In a statement from Stormont Castle on 1 August, 1978, the NIO expressed surprise at Archbishop O'Fiaich's statement and reaffirmed the government's determination to "stand firm in its policy on special category status".

However, the growing international impact of the prison protest is candidly acknowledged in a memo circulated to NIO Ministers in May 1978.

"The protest has been the PIRA's main propaganda cause for the last year… it is also the main reason for renewed American support for the IRA."

H blocks
A government official warned of an "embarrassing" propaganda campaign

The British government was concerned that four prisoners had applied to the European Commission of Human Rights which would rule shortly.

Any change, an official noted, "would lead to expectation of an amnesty for terrorists".

The situation continued to escalate into the autumn and, in a memo dated 20 October, an official called E Hannigan reported to Roy Mason on the dangers in the situation for the British government.

"The determination of the protesting prisoners seems strong," he said.

"They may believe they are winning the propaganda battle which is being controlled by the PIRA… The government's determination is at least equal to the protestors', but the secretary of state needs to take into account the risks which PIRA shrug off.

"Responsible people and bodies who profess little sympathy with the object of the protest are worried about the disgusting conditions in the H Blocks and the apparent severity of the regime.

"They hold the government responsible for doing something about them."

'POW status'

The official added that the government would be held culpable if an epidemic broke out in the prison, while the filing of complaints by four prisoners with the European Commission for Human Rights raised the prospect of "an intensified and embarrassing propaganda campaign" involving well-organised marches.

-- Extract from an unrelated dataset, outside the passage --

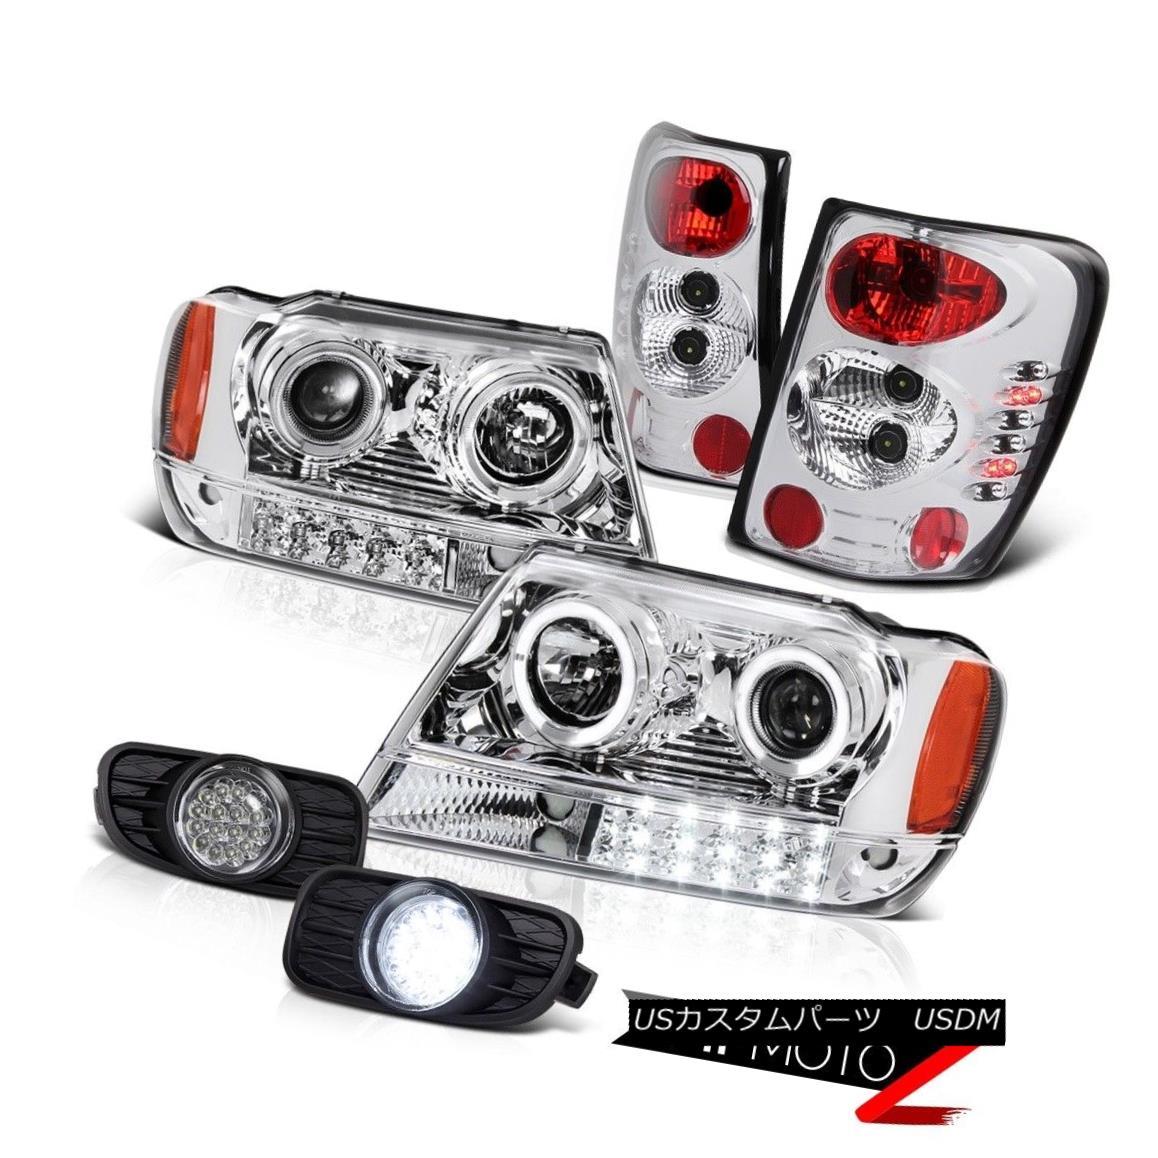 ヘッドライト 99-03 JEEP GRAND CHEROKEE WG WJ CHROME LED PROJECTOR HEADLIGHT+TAILLAMP+FOG LAMP 99-03 JEEP GRAND CHEROKEE WG WJ CHROME LEDプロジェクターヘッドライト+テール LAMP + FOG LAMP
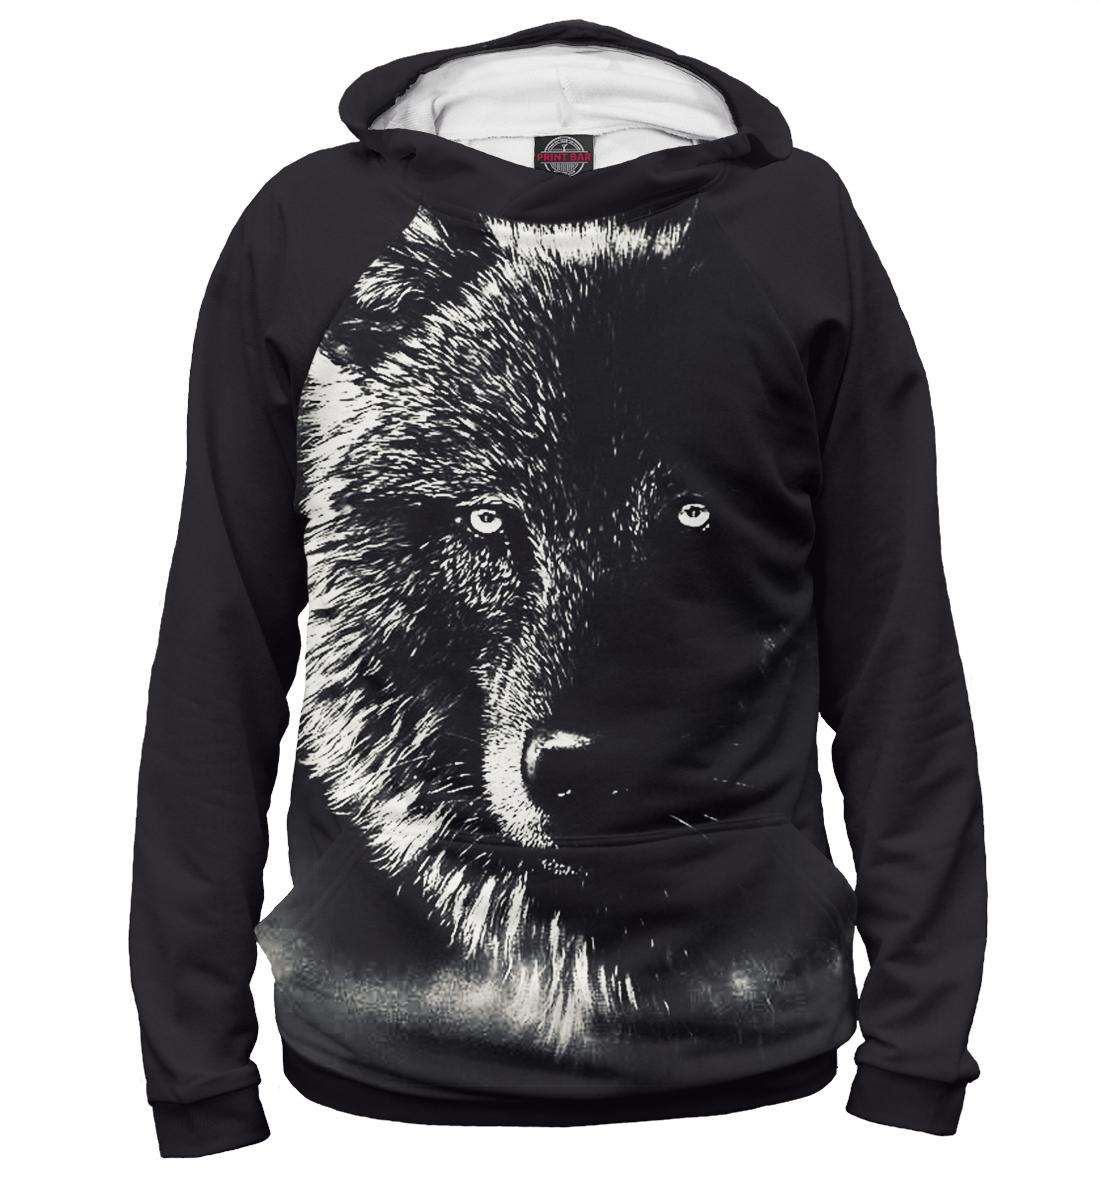 Купить Черный Волк, Printbar, Худи, VLF-586949-hud-1

Mr Hannigan noted that the prisoners' demands - the right to wear their own clothes, not to do prison work and to enforce their own discipline - amounted to POW status.

This would have severe implications for British policy, he stressed: "They would thus be prisoners of war and eligible for release at the conclusion of hostilities.

"The courts would be seen as political courts… the RUC would become political police, not the impartial guardians of the law.

"Terrorism would become respectable."

In conclusion, the official warned ministers: "Humanitarian concern makes the present regime vulnerable, especially if something goes suddenly wrong, and human concern can turn into political pressure, especially if it emerges that we may be vulnerable at the European Court."